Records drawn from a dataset
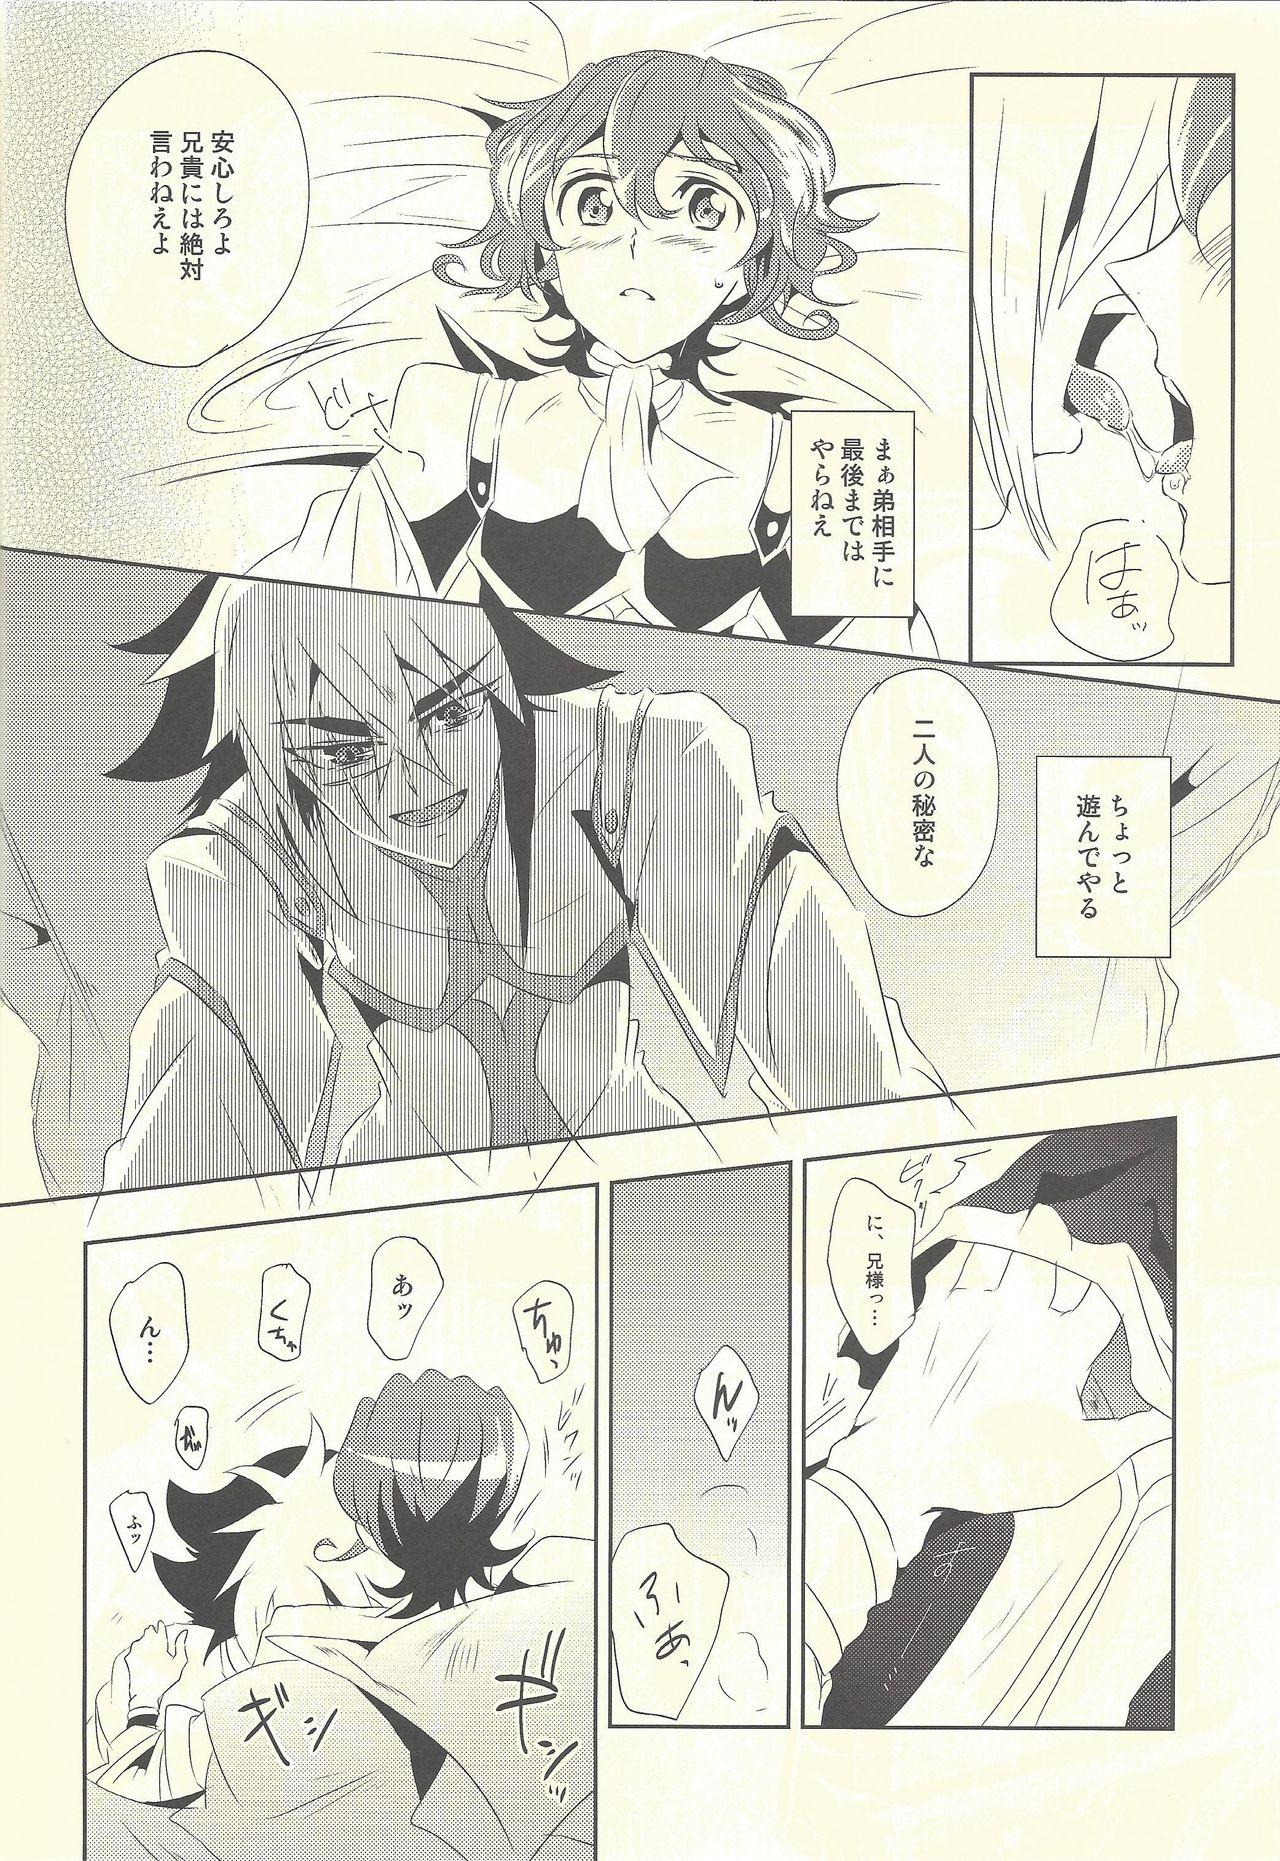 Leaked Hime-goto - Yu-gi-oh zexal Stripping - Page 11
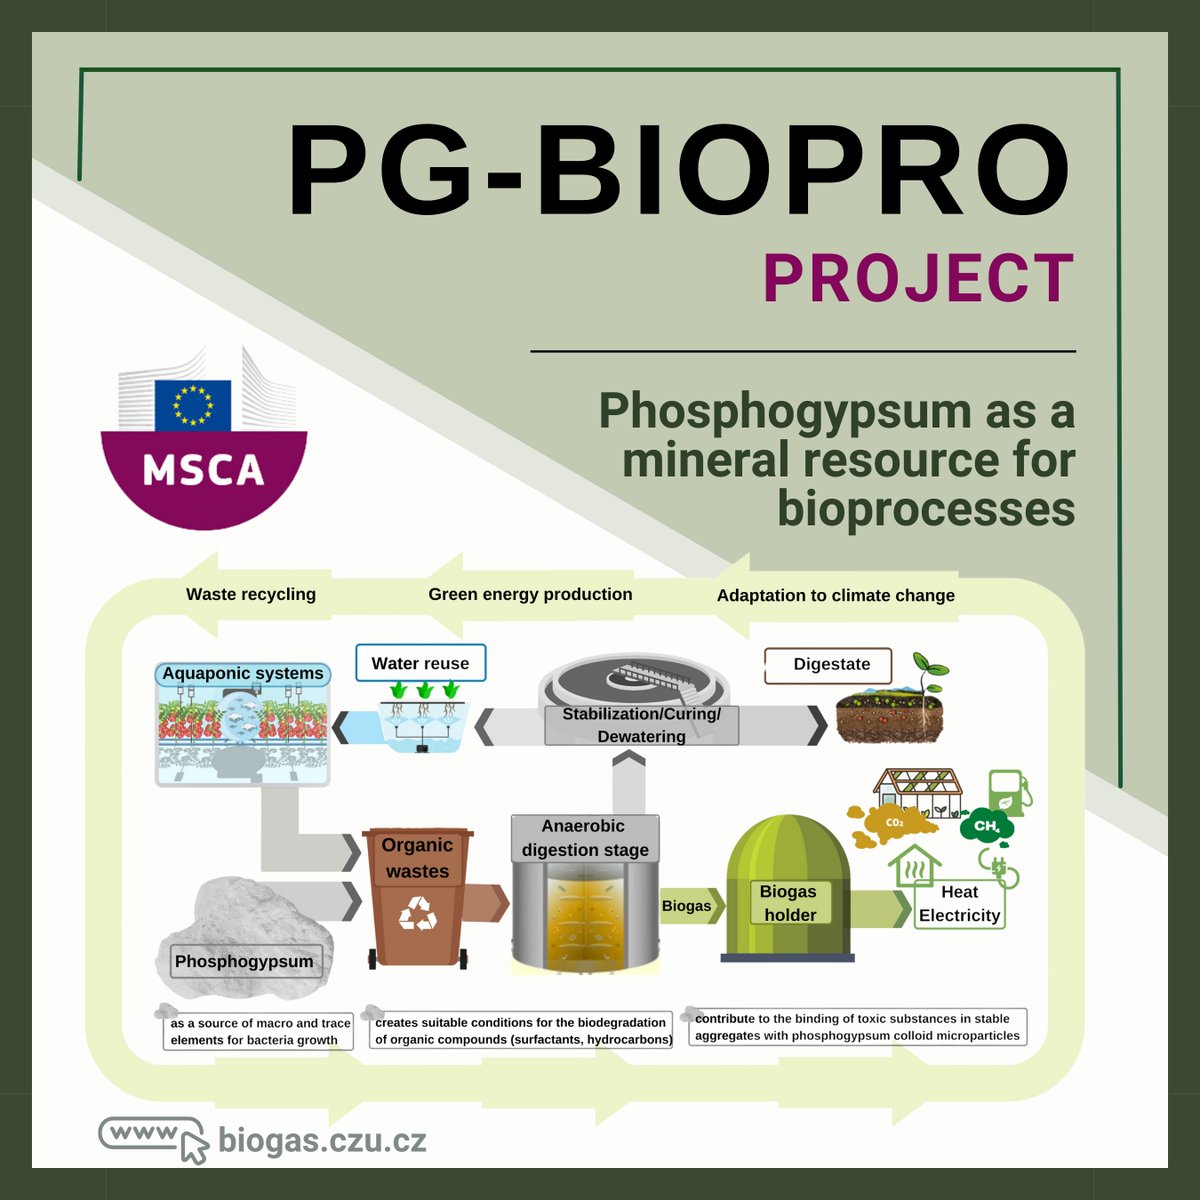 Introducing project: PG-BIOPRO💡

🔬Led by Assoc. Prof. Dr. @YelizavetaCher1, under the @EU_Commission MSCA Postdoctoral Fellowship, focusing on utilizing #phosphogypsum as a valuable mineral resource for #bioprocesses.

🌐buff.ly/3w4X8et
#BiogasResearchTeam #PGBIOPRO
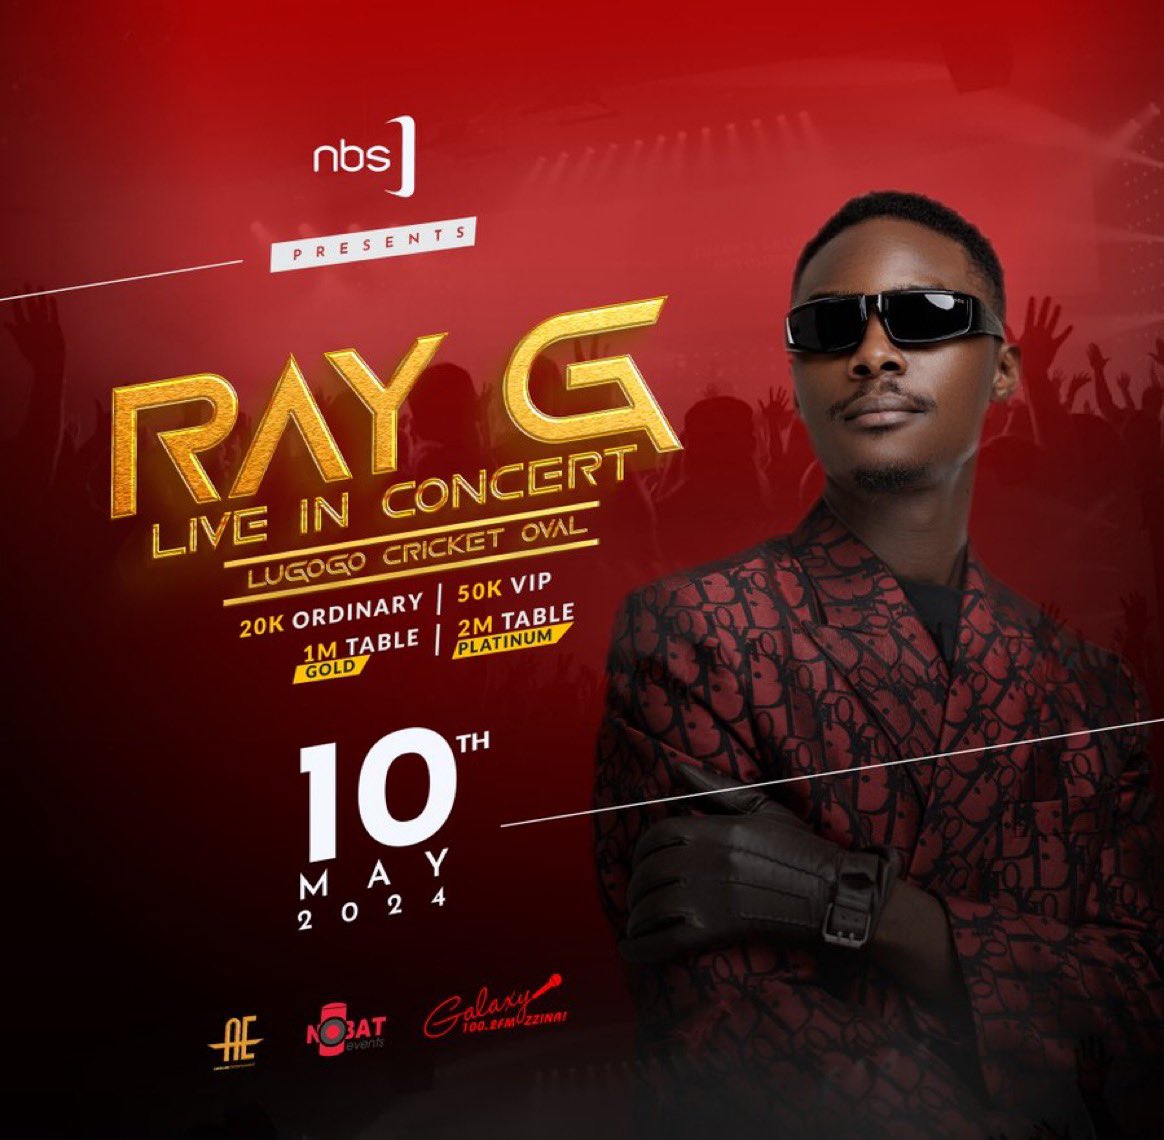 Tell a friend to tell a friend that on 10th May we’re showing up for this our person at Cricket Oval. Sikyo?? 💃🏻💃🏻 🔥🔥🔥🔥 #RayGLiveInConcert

▶ _THE TASK_
Copy the lines starting at the line that contains "Introducing project: PG-BIOPRO💡" and running to the final line of the entries, inclusive; omit all pictures.

▶ _COMPLETED EXERCISE_
 Introducing project: PG-BIOPRO💡

🔬Led by Assoc. Prof. Dr. @YelizavetaCher1, under the @EU_Commission MSCA Postdoctoral Fellowship, focusing on utilizing #phosphogypsum as a valuable mineral resource for #bioprocesses.

🌐buff.ly/3w4X8et
#BiogasResearchTeam #PGBIOPRO
 Tell a friend to tell a friend that on 10th May we’re showing up for this our person at Cricket Oval. Sikyo?? 💃🏻💃🏻 🔥🔥🔥🔥 #RayGLiveInConcert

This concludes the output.